**PROBLEM DESCRIPTION:** Without including the pictures, copy out every line below.

**GIVEN MATERIAL:**
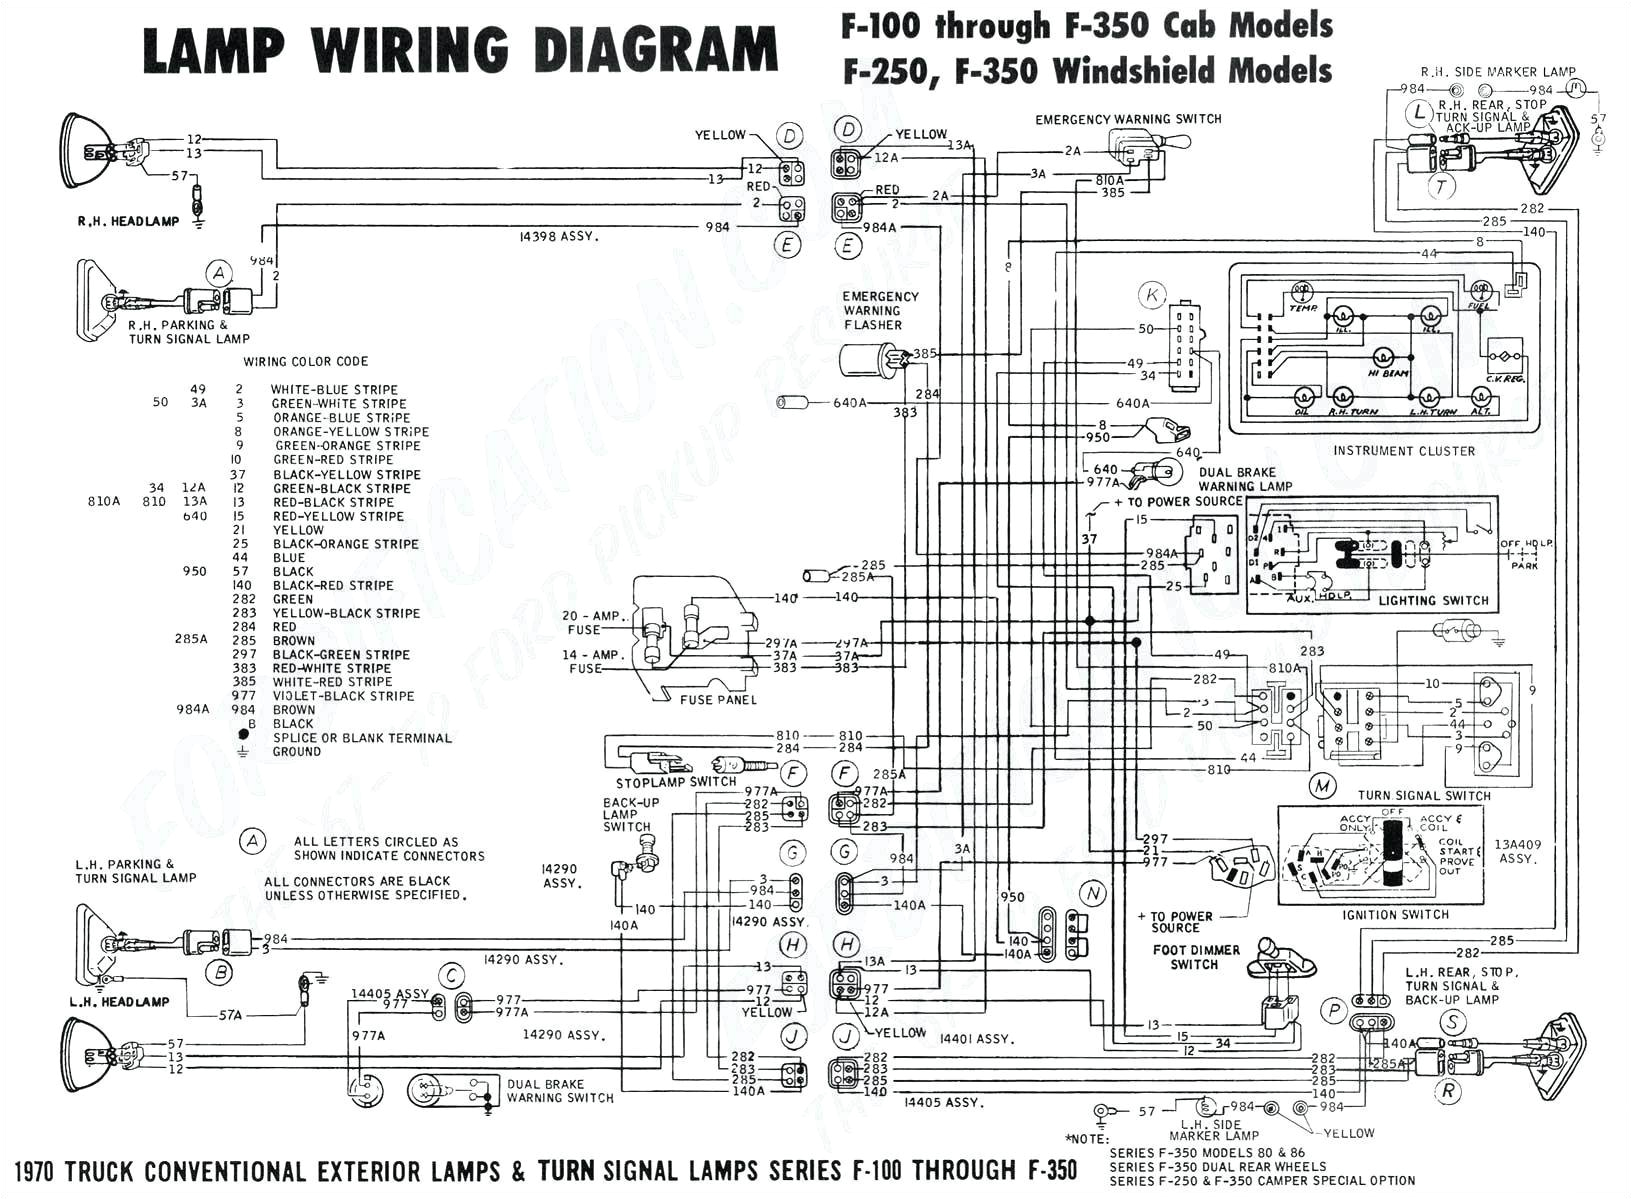 Bayou 220 Wiring Diagram Old Boeing Wiring Diagrams New Wiring Diagram
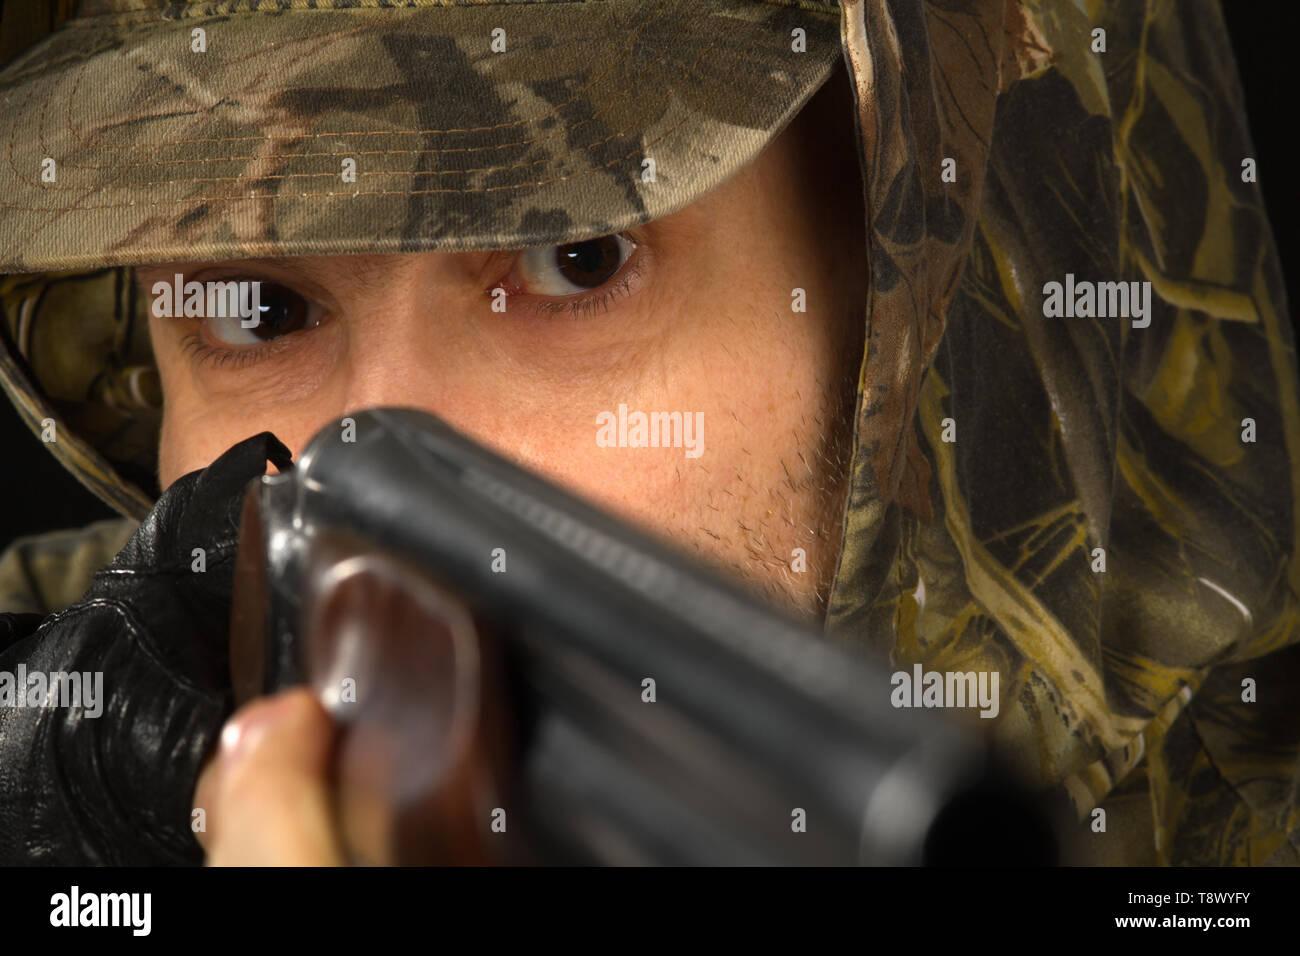 eyes of a hunter aiming with a shotgun, closeup - Stock Image
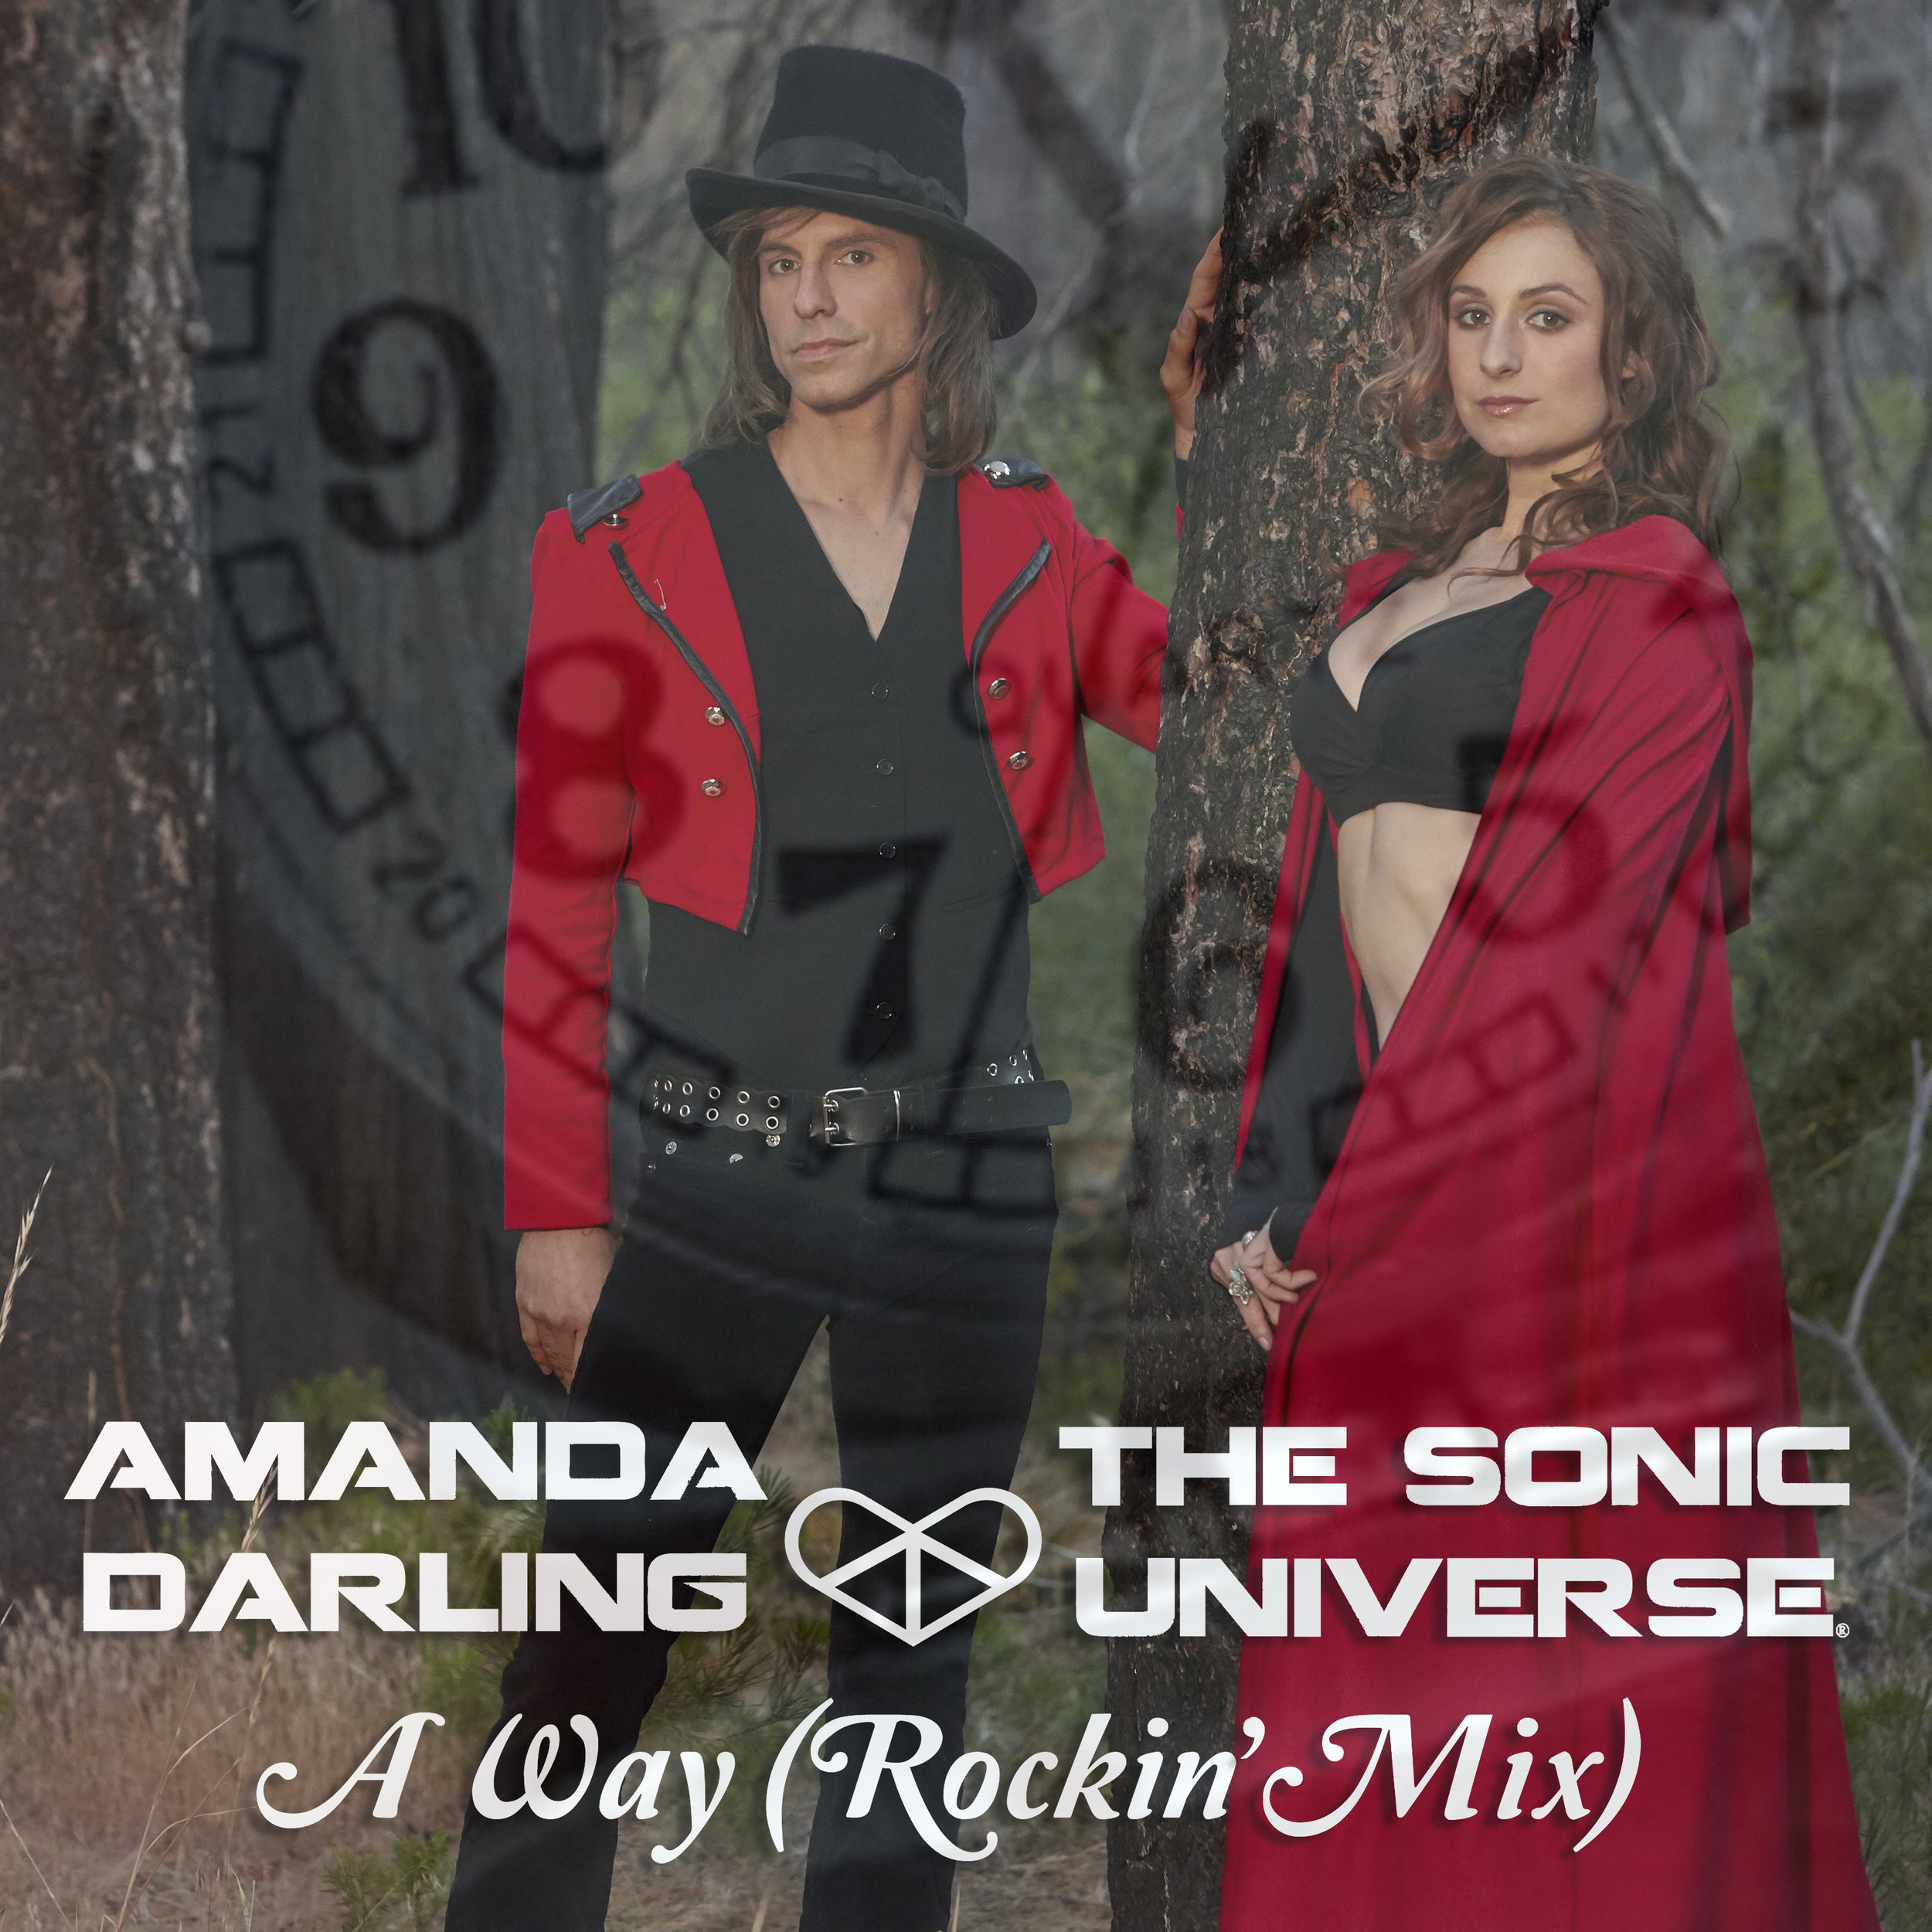 Amanda Darling, The Sonic Universe - A Way (Rockin' Mix) album cover Beatport release

**ANSWER SECTION:**
 Bayou 220 Wiring Diagram Old Boeing Wiring Diagrams New Wiring Diagram
 eyes of a hunter aiming with a shotgun, closeup - Stock Image
 Amanda Darling, The Sonic Universe - A Way (Rockin' Mix) album cover Beatport release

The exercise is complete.